An auction platform is ideal if you need to sell a small firm fast and at a low price.

  • M&A advisory firm

Selling your FBA business through an M&A adviser is probably the smartest course of action to take. If you have a major company for selling in the $1-100 million valuation area and lack expertise in selling businesses and/or wish to optimise the sale price, contact us.

An M&A adviser will handle the entire process from start to finish, from marketing materials creation to approaching purchasers, making offers, organising due diligence, producing the sale contract, and managing the movement of assets/funds via Trust. Additionally, they will assist you in determining your worth and negotiating the finest contract conditions for your legal protection and economic advantage.

Pros:

  • Large distribution — when you list your firm with a respected, well-established M&A counsel, you receive accessibility to their database of skilled and experienced buyers. This implies that your firm will be exposed to a broad, highly focused investor audience capable of executing and closing a deal quickly.
  • Complete process — once you've given adequate data for the initial advertising material, a professional M&A counsel will handle the process from start to finish. You will not be required to fund negotiations, due diligence, or contracts on your own. This frees up time for you to continue operating your company or doing daily duties.
  • Maximum value - a competent M&A counsel will understand how to price your firm based on market data and comparable transactions. They will seek many offers and then negotiate the highest price with the overall best terms.

Cons:

  • Requirements upfront - to collaborate with an M&A adviser, you must be organised and have facts about your firm available. Their purchasers are highly driven, organised, and eager to deliver for the appropriate firm, but they want the necessary documents.
  • Fees — an M&A advisor will normally charge up to 15% of the business's sale value upon successful completion.
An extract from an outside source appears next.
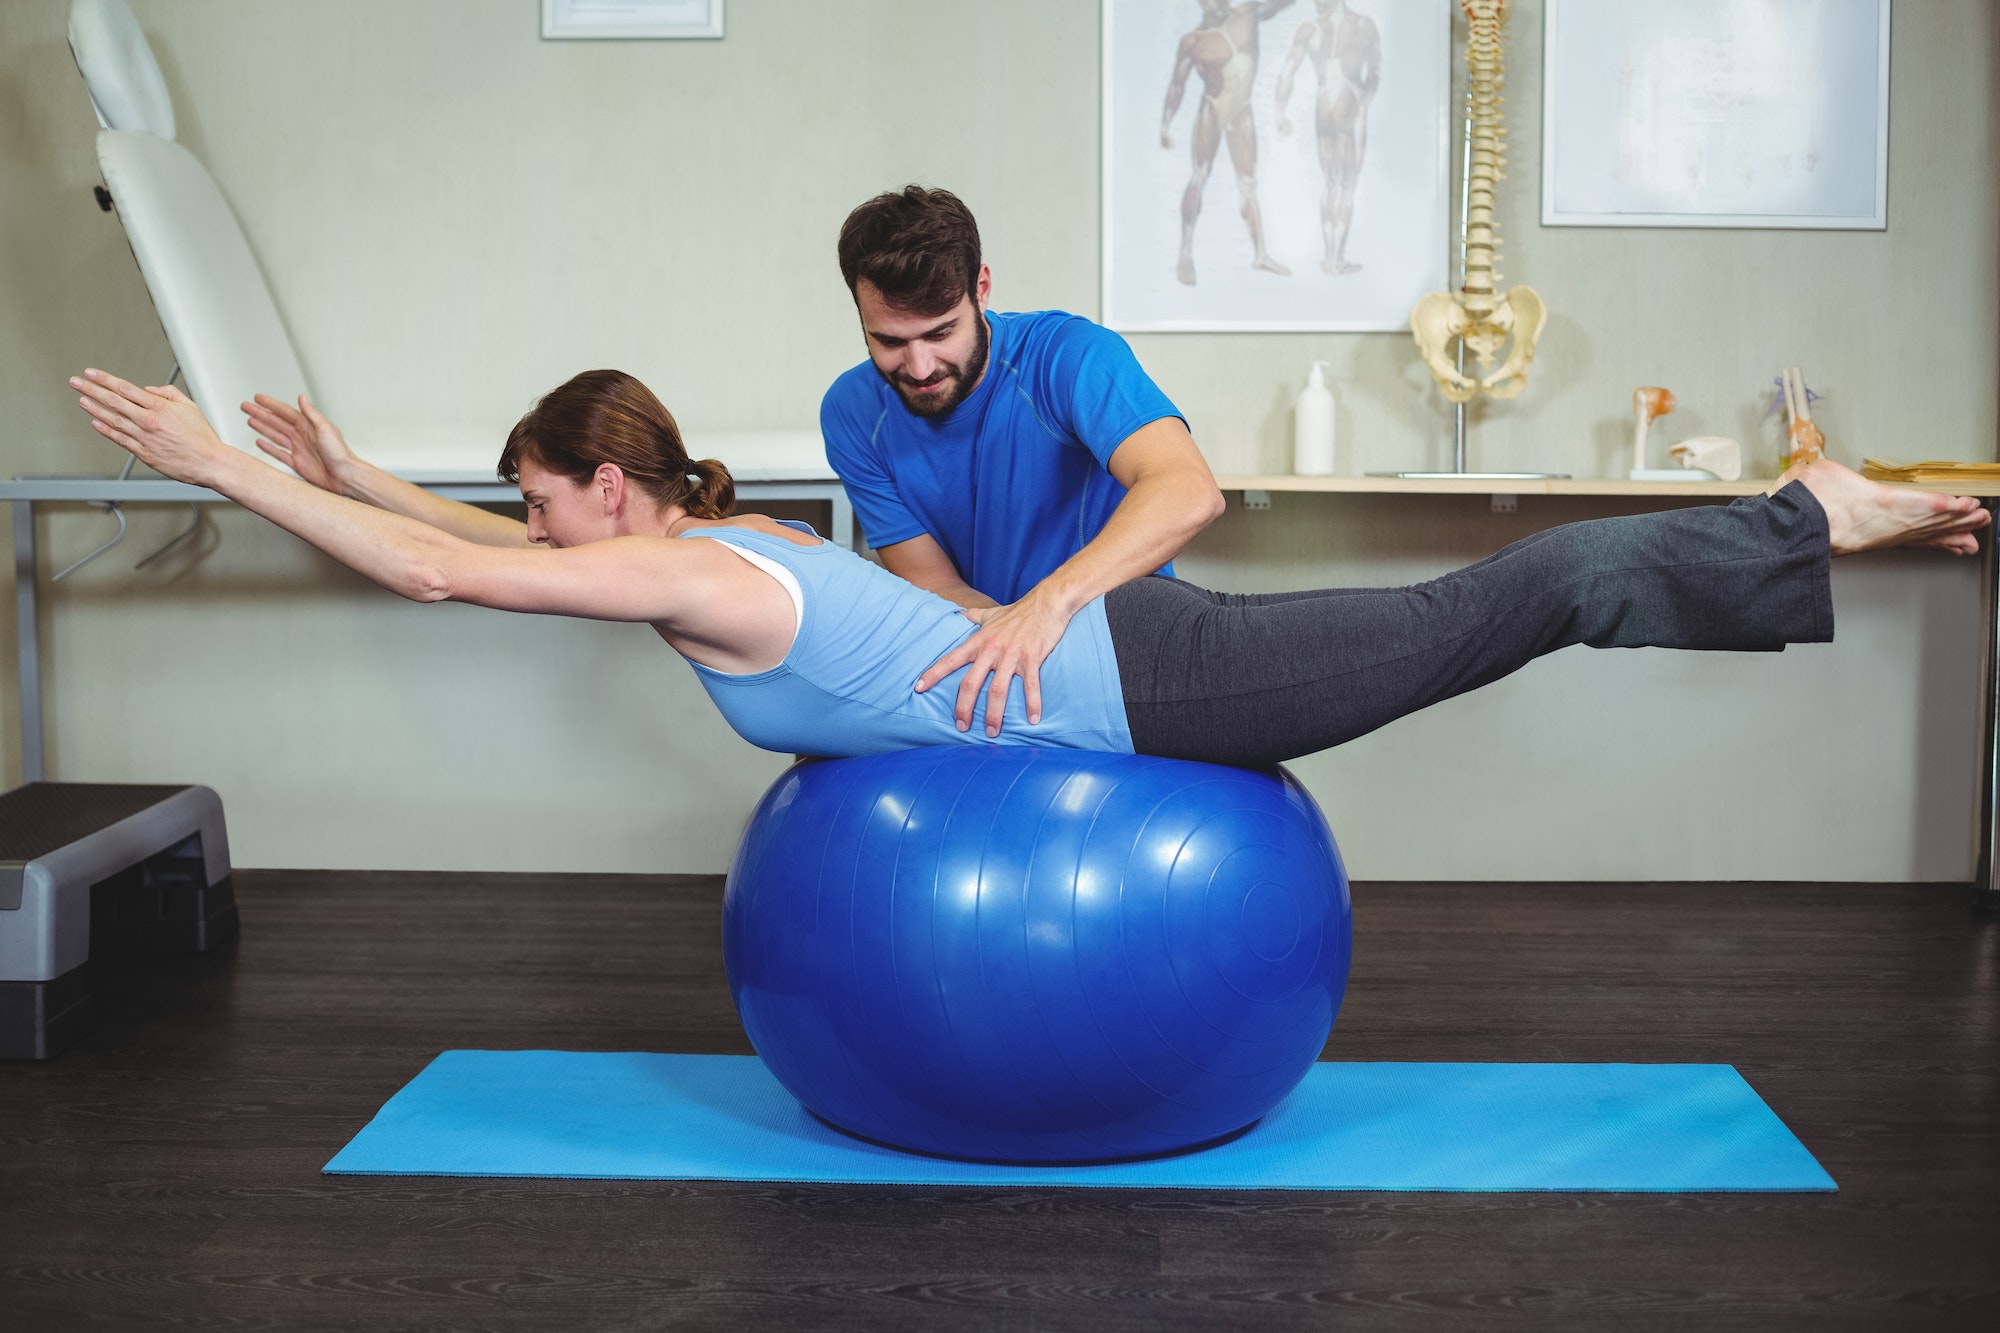 Physiotherapist assisting woman on exercise ball

If you employ the correct adviser, the net revenues to the seller (selling

price minus broker costs) are nearly always greater than those obtained through a marketplace, auction, or direct sale. 
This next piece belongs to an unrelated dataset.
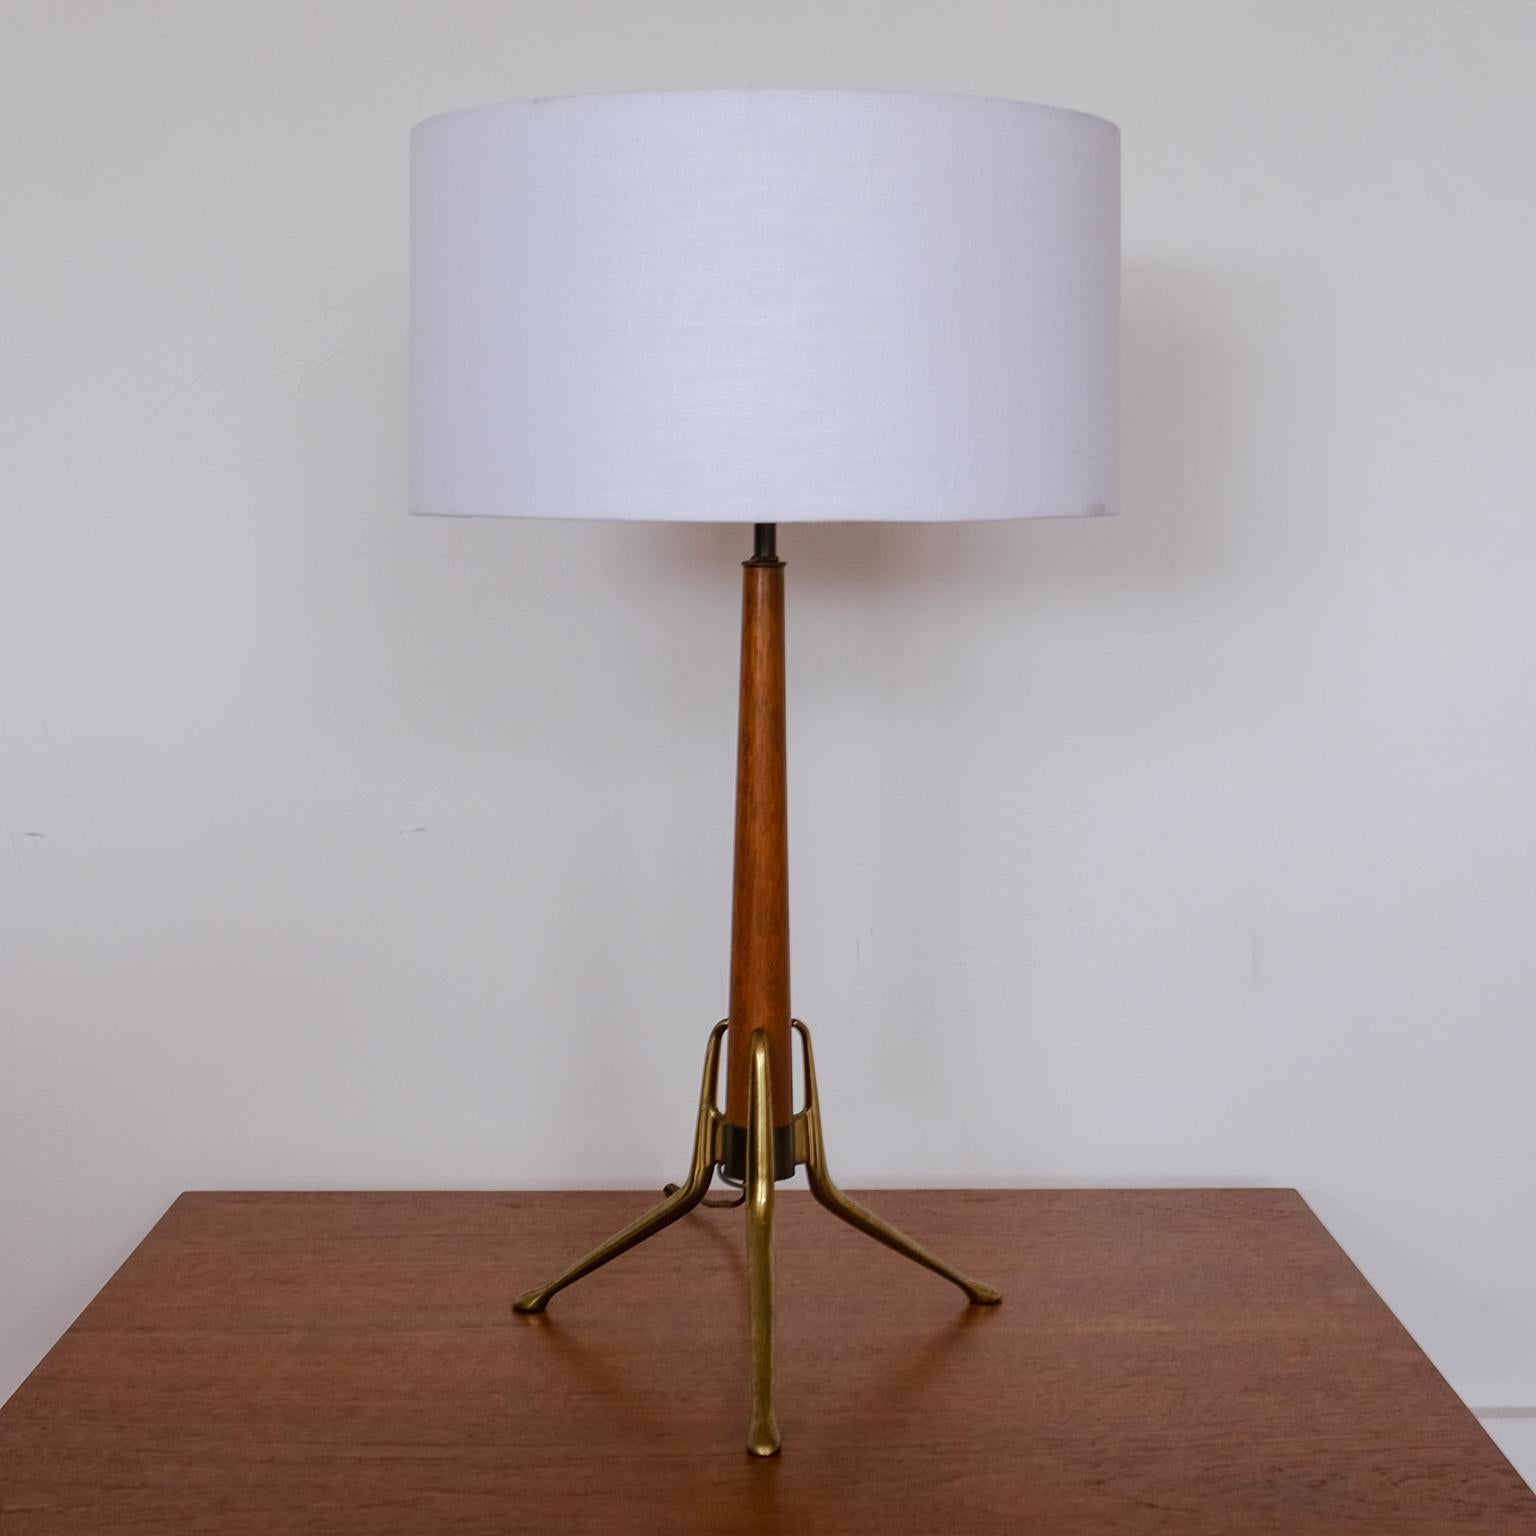 Mid-Century Modern Brass and Walnut Tripod Table Lamp by Gerald Thurston for Lightolier, 1950s For Sale

An M&A adviser is a suitable alternative if you lack experience appraising or selling enterprises, lack time, or want to maximise the revenues from the sale of your firm. Typically, a brokered sale takes between four and eight weeks, depending on the size of the firm (larger businesses can take longer).

  • Direct

The fourth alternative is to contact prospective buyers personally (through cold email or phone call) and convince them to purchase the firm. The most effective strategy is to contact other company owners that operate in the same or a related niche.

Pros:

  • There are no fees - if you find buyers and complete them smoothly, this option will cost you far less than the other choices. Almost certainly, you will incur solely legal expenses.

Cons:

  • Finding the buyer - you'll be responsible for conducting the necessary research and outreach to locate a buyer and may wind up disclosing sensitive data to rivals. Cold reach has a poor success rate and is thus avoided by most business brokers when selling a firm.
  • Similar to the marketplace and auction, you are accountable for the end-to-end operation of the process.

The direct approach works if you've been approached or if you're willing to take a gamble on a low probability of success. A direct sale typically takes between three and twenty-four months, depending on whether you have had an inbound interest or are beginning from scratch.